Find a hobby, make some friends, start going out again, don't just sit at home and pout. Make her wonder where you are while she's working those billion hours. She's taking you for granted and unless she's got you over a barrel somehow it's easily fixable.


----------



## SimplyAmorous (Nov 25, 2009)

> *Mavash said:* Each of us have our own priorities and things we value. Some value families. Some value careers or money. Wise ones find balance.
> 
> Your wife is one who values money over relationships. And unless she gets a wake up call it's likely to continue.


Mavash said it it all right there. How very true it IS. 

You are the Hopeless Romantic Type... I get you....so am I....it's never been about money, but our passions... and the togetherness , sharing our dreams & our time together hand in hand. 

You married a female Work-a-holic climbing up a social ladder.. I know being the way I am, I could never be married to that on the male end. 

Yeah, try that 180, if she doesn't notice a thing...this doesn't STIR her emotions to what is happening in the relationship - to coming closer to you on her own.... I think you got a true blue *incompatibility* issue on your hands.

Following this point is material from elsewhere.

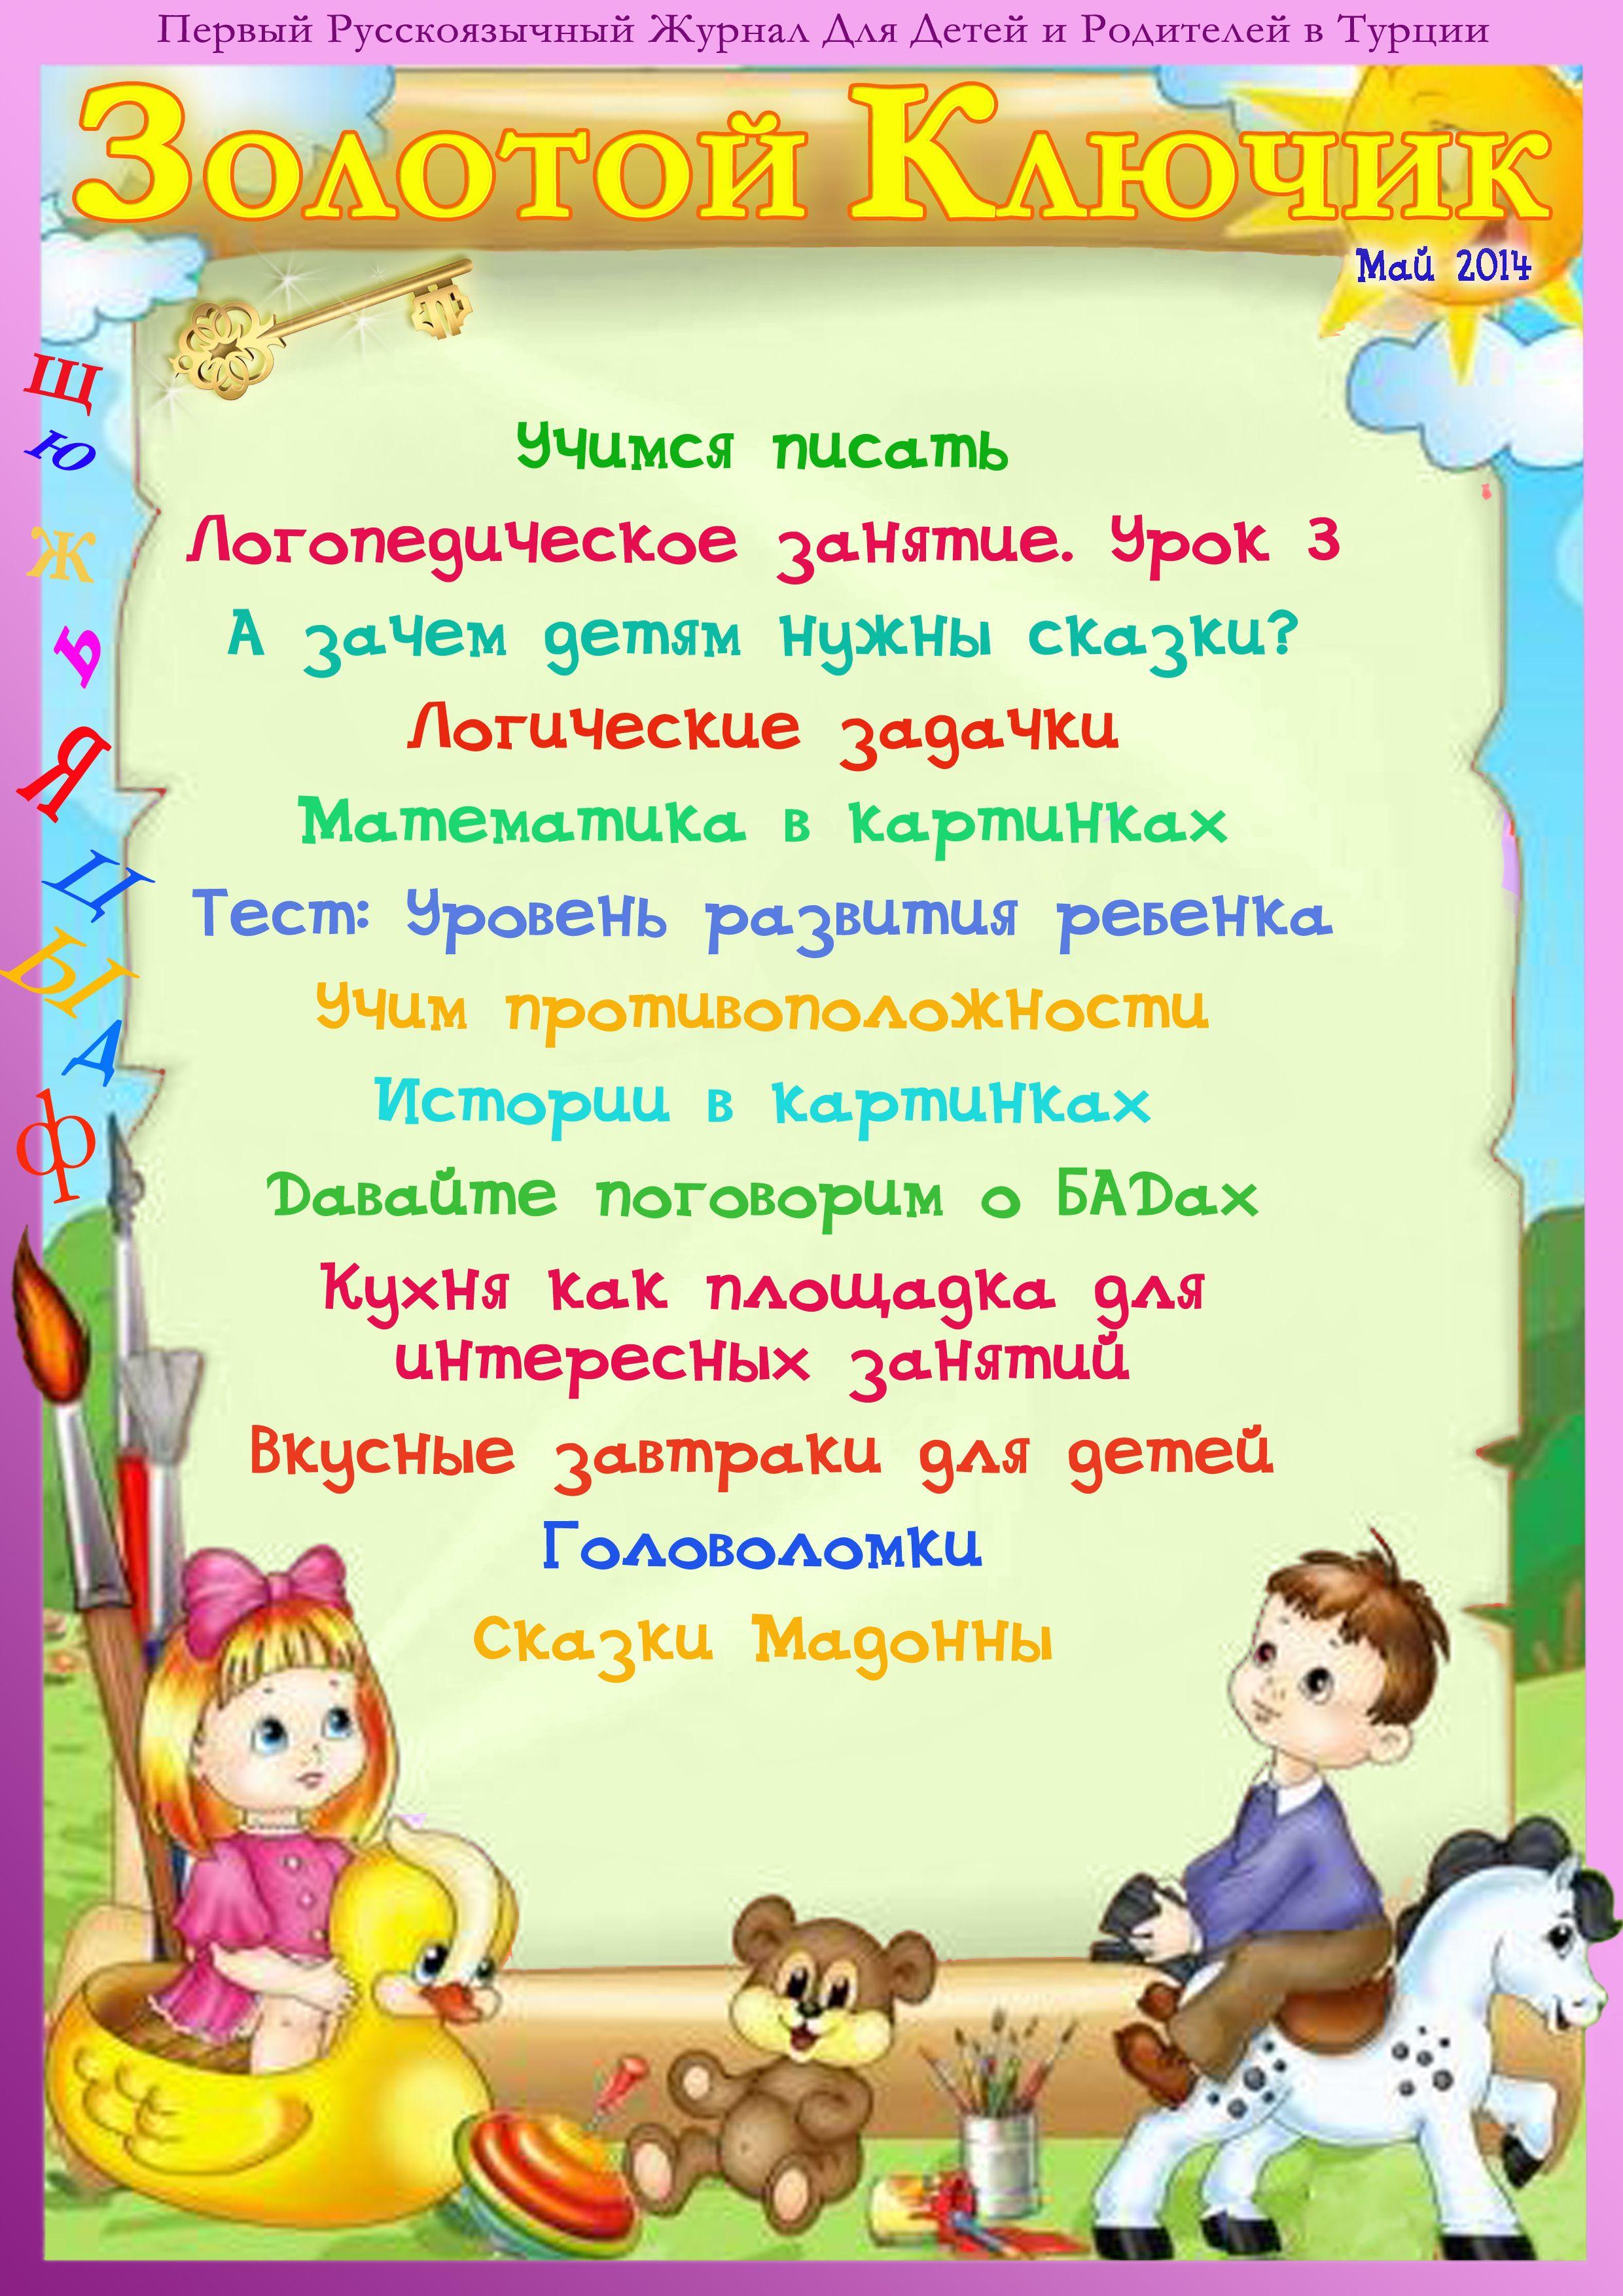 """Photo of Вышел майский номер детского журнала """"Золот…"""

Here is a thread I found on google with the list spelled out (keep in mind some of this is referring to infidelity ), >>



> Plan A vs. 180 Plan - Marriage Builders® Forums
> 
> 180
> 
> ...


----------



## turnera (Jan 22, 2010)

There's a thing called PEA chemicals. It's what your body gets flowing so that you stay excited to be with your partner, so you can procreate and stay together long enough to get the kid safely along (think caveman days). These chemicals are what make you feel high, excited, in love. But they run out after 3 or 4 years, and then you're just left with each other. So you then have to replace it with real affection. And that can take work.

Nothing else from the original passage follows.